(Stored items from a collection)
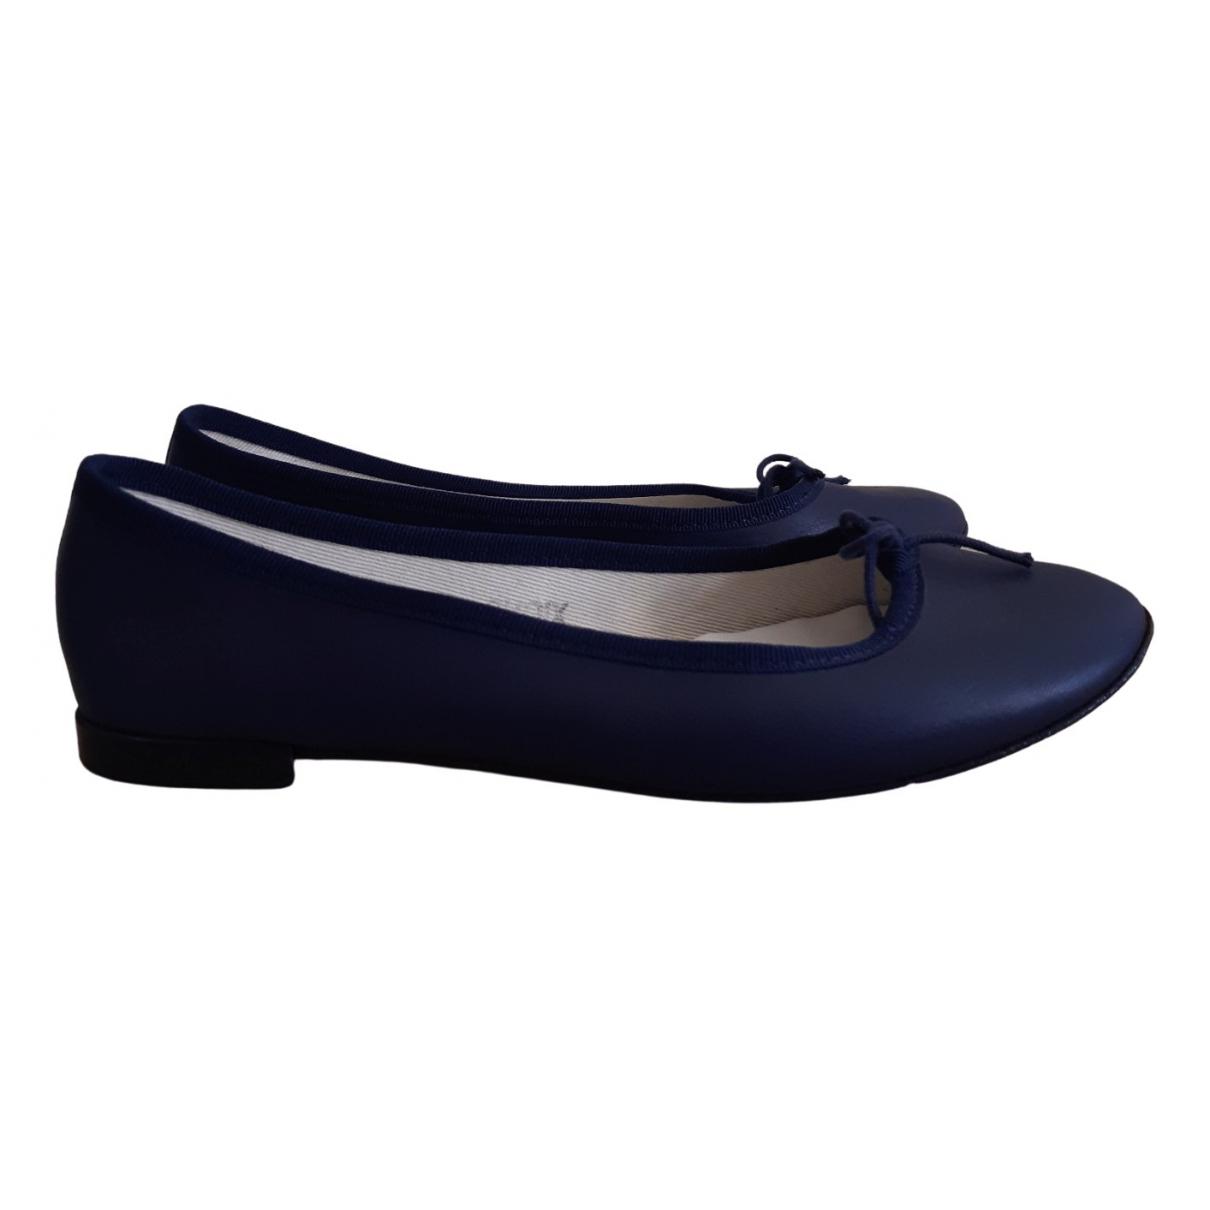 Repetto \N Ballerinas in  Blau Leder
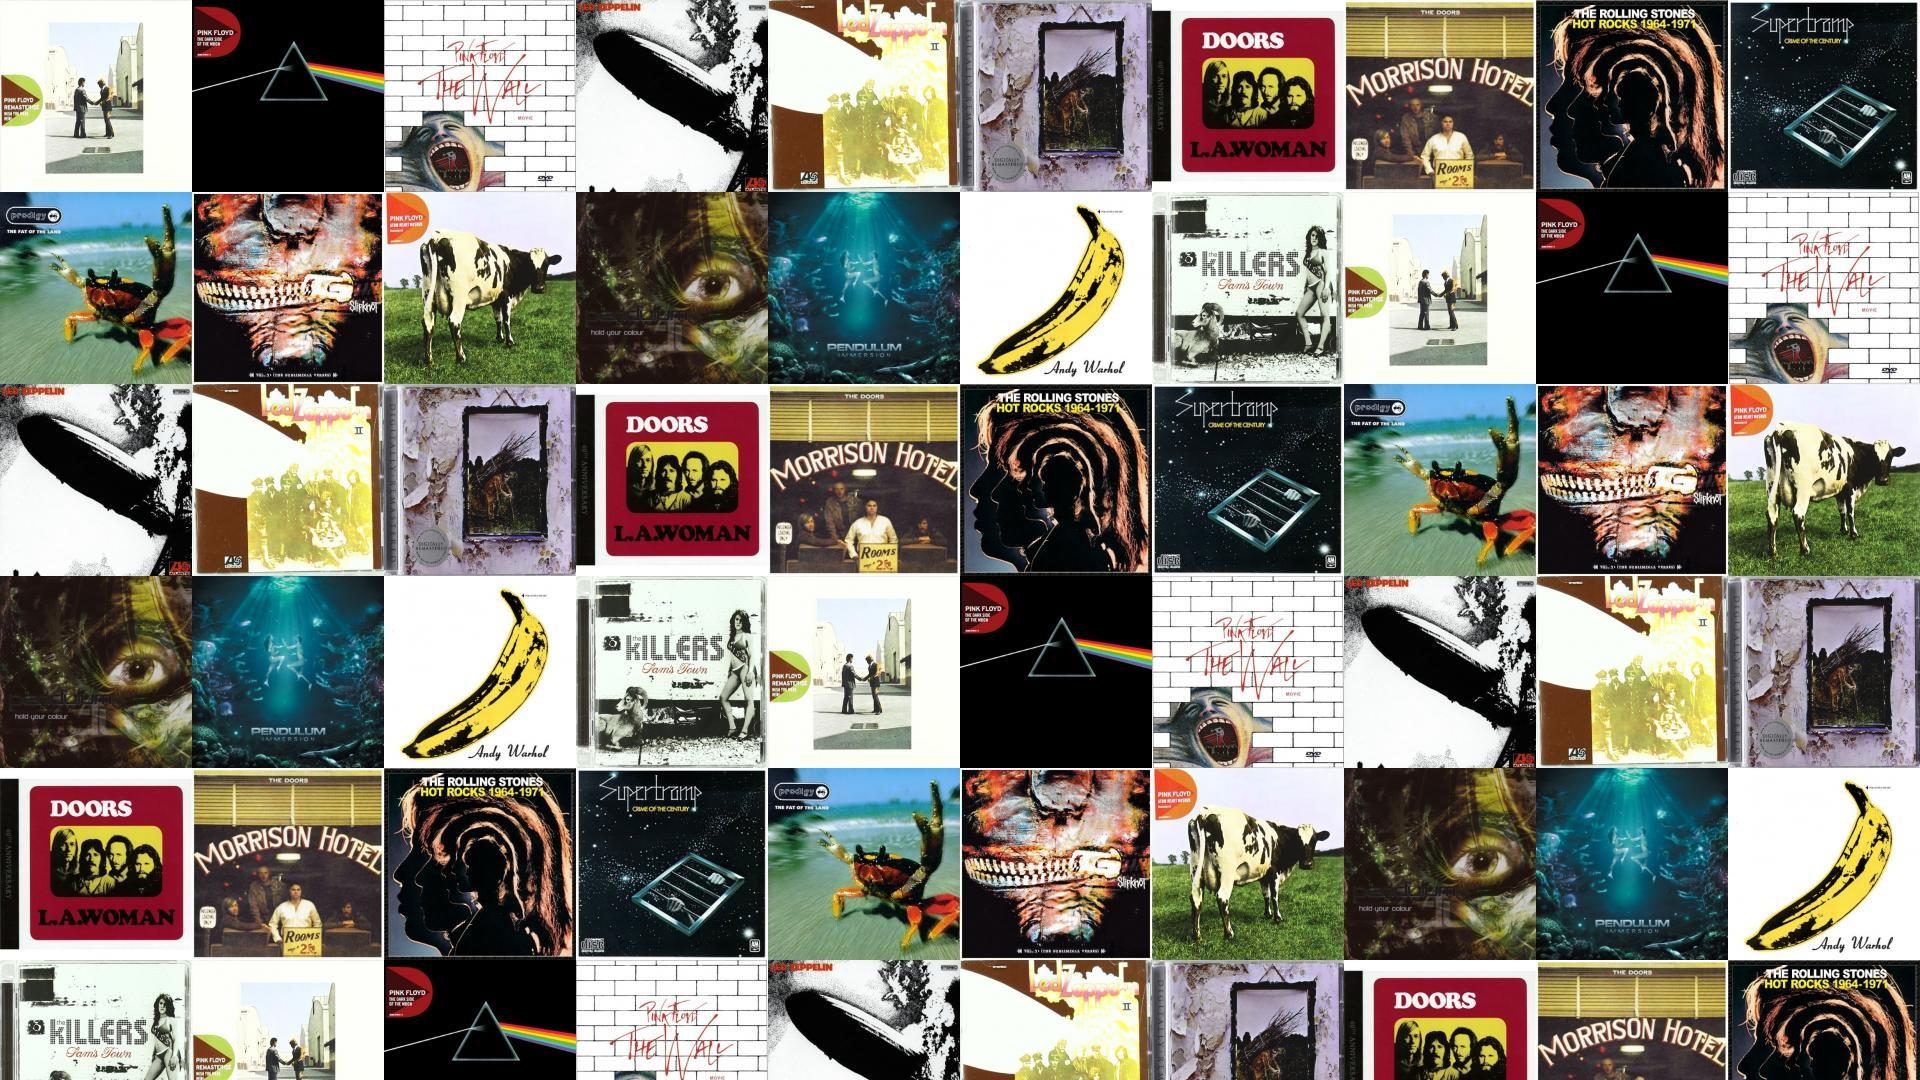 Pink Floyd Wish You Were Here Dark Side Wallpaper Â« Tiled Desktop Wallpaper
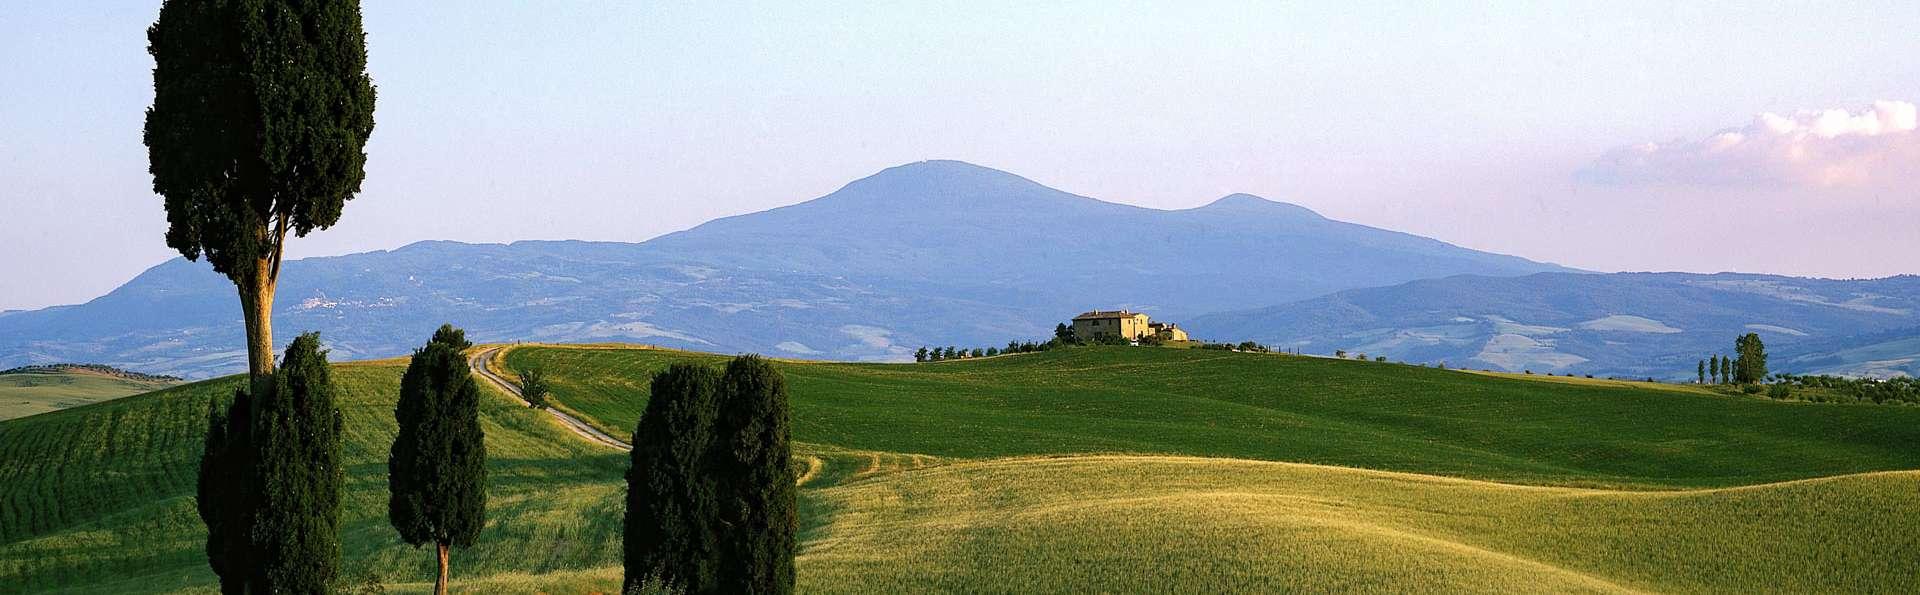 Giardino Segreto - Historic Capitano Collection - EDIT_VAL_D_ORCIA_03.jpg
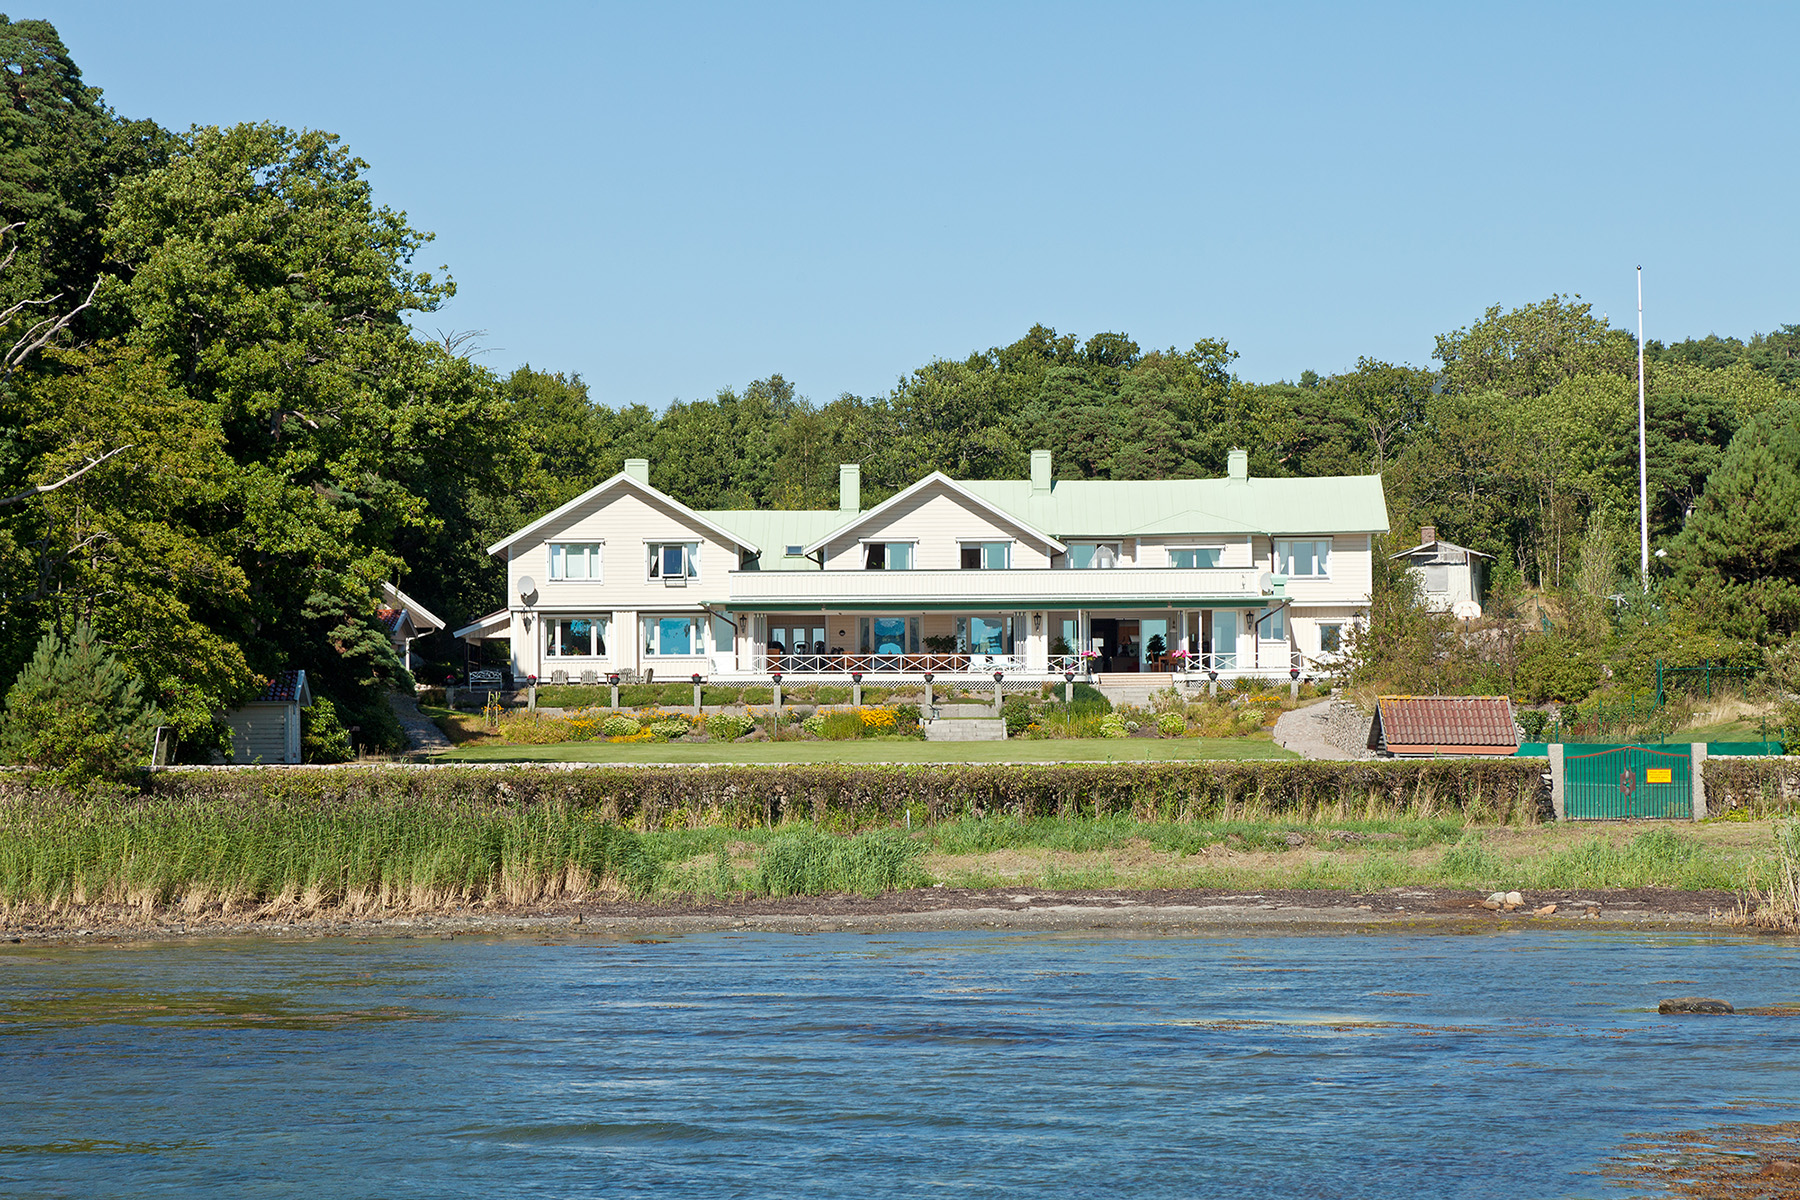 Single Family Home for Sale at Historic property next to the ocean Gustaf V:s Vag 11 Other Vastra Gotaland, Vastra Gotaland, 42943 Sweden
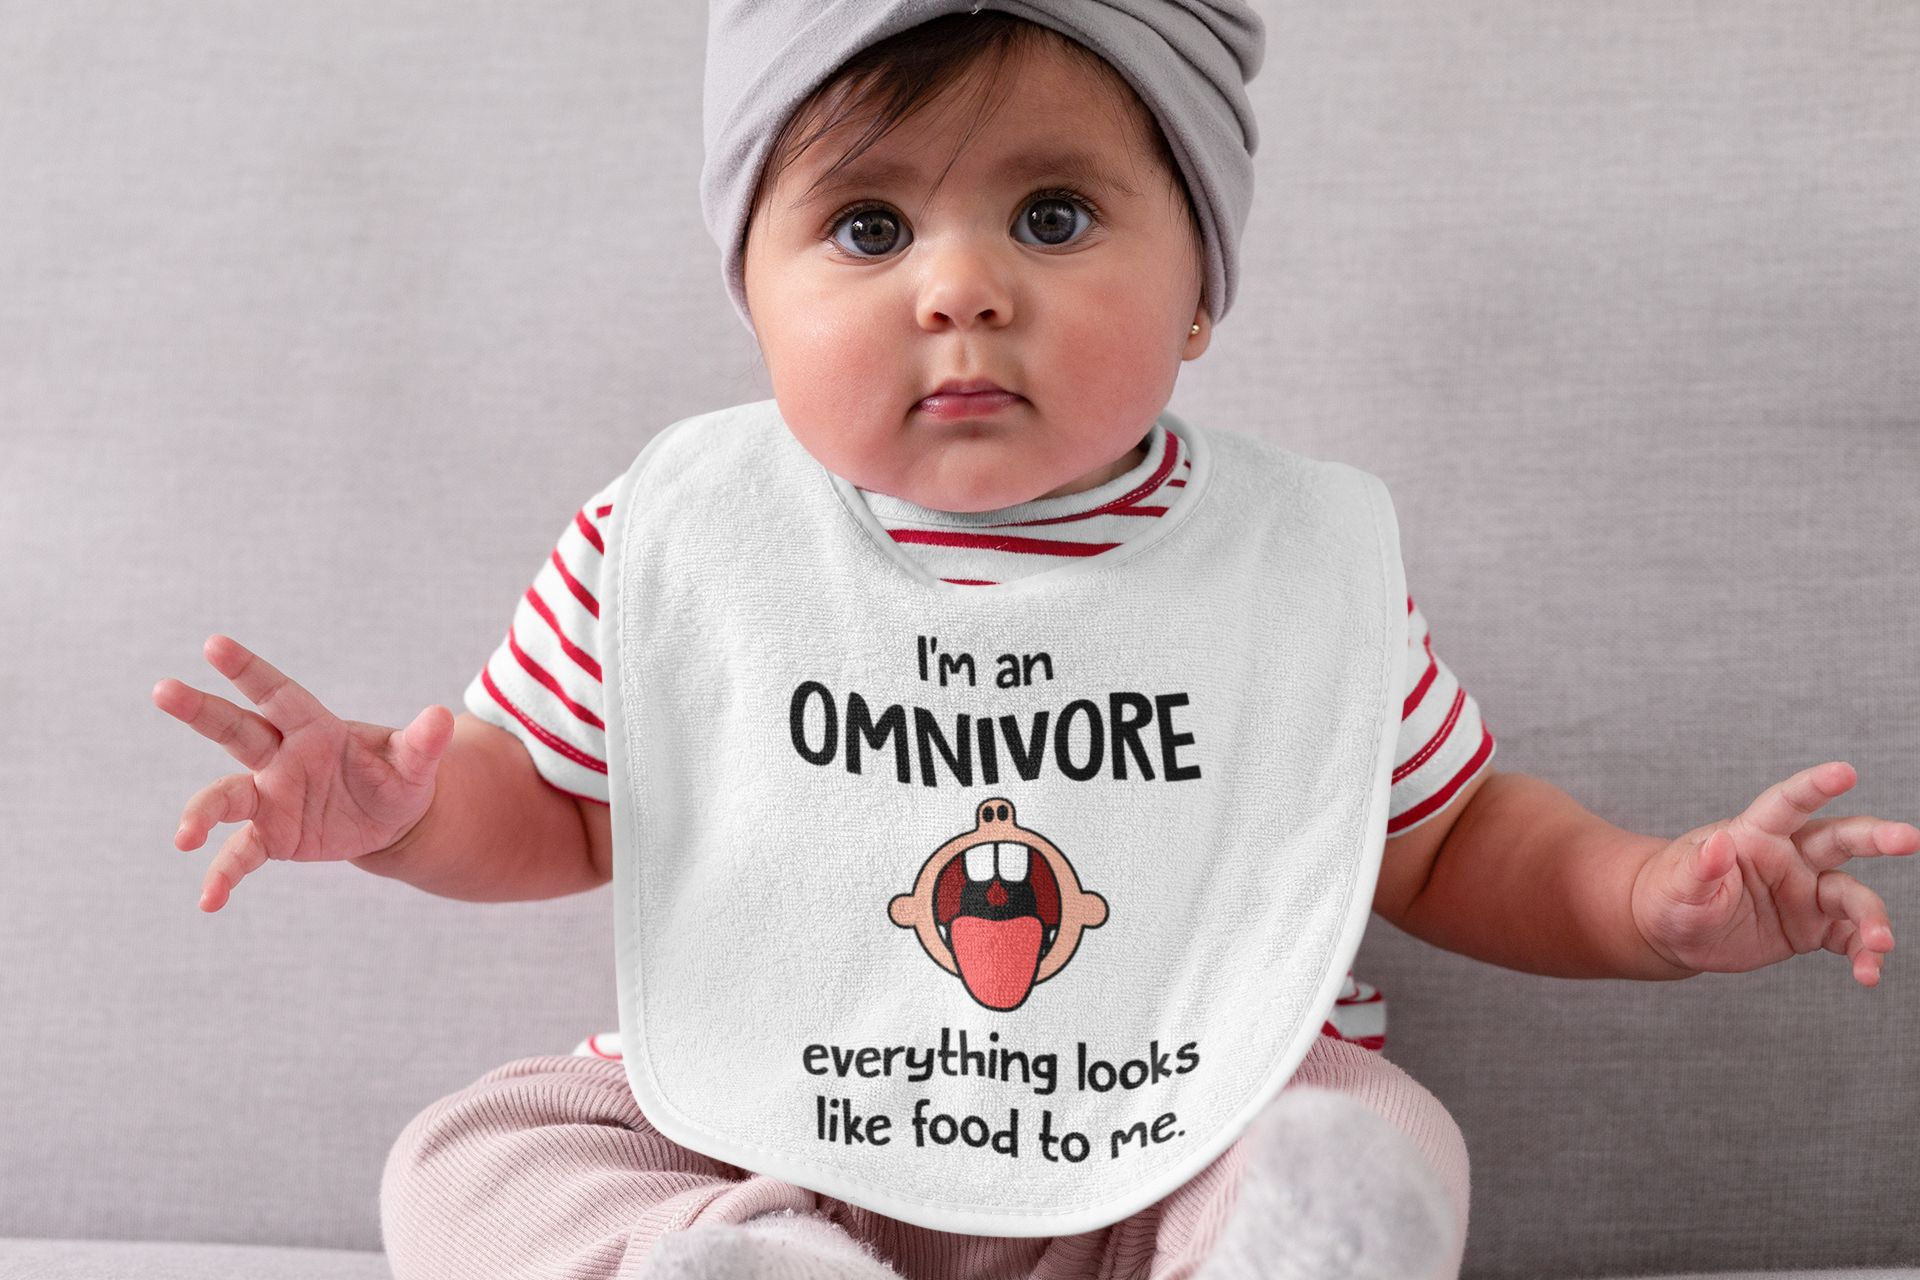 I'm an Omnivore

EXERCISE BRIEF:
In the answer, the entries must appear exactly as above, without the images.

THE COMPLETED TASK:
 Repetto \N Ballerinas in  Blau Leder
 Pink Floyd Wish You Were Here Dark Side Wallpaper Â« Tiled Desktop Wallpaper
 Giardino Segreto - Historic Capitano Collection - EDIT_VAL_D_ORCIA_03.jpg
 Single Family Home for Sale at Historic property next to the ocean Gustaf V:s Vag 11 Other Vastra Gotaland, Vastra Gotaland, 42943 Sweden
 I'm an Omnivore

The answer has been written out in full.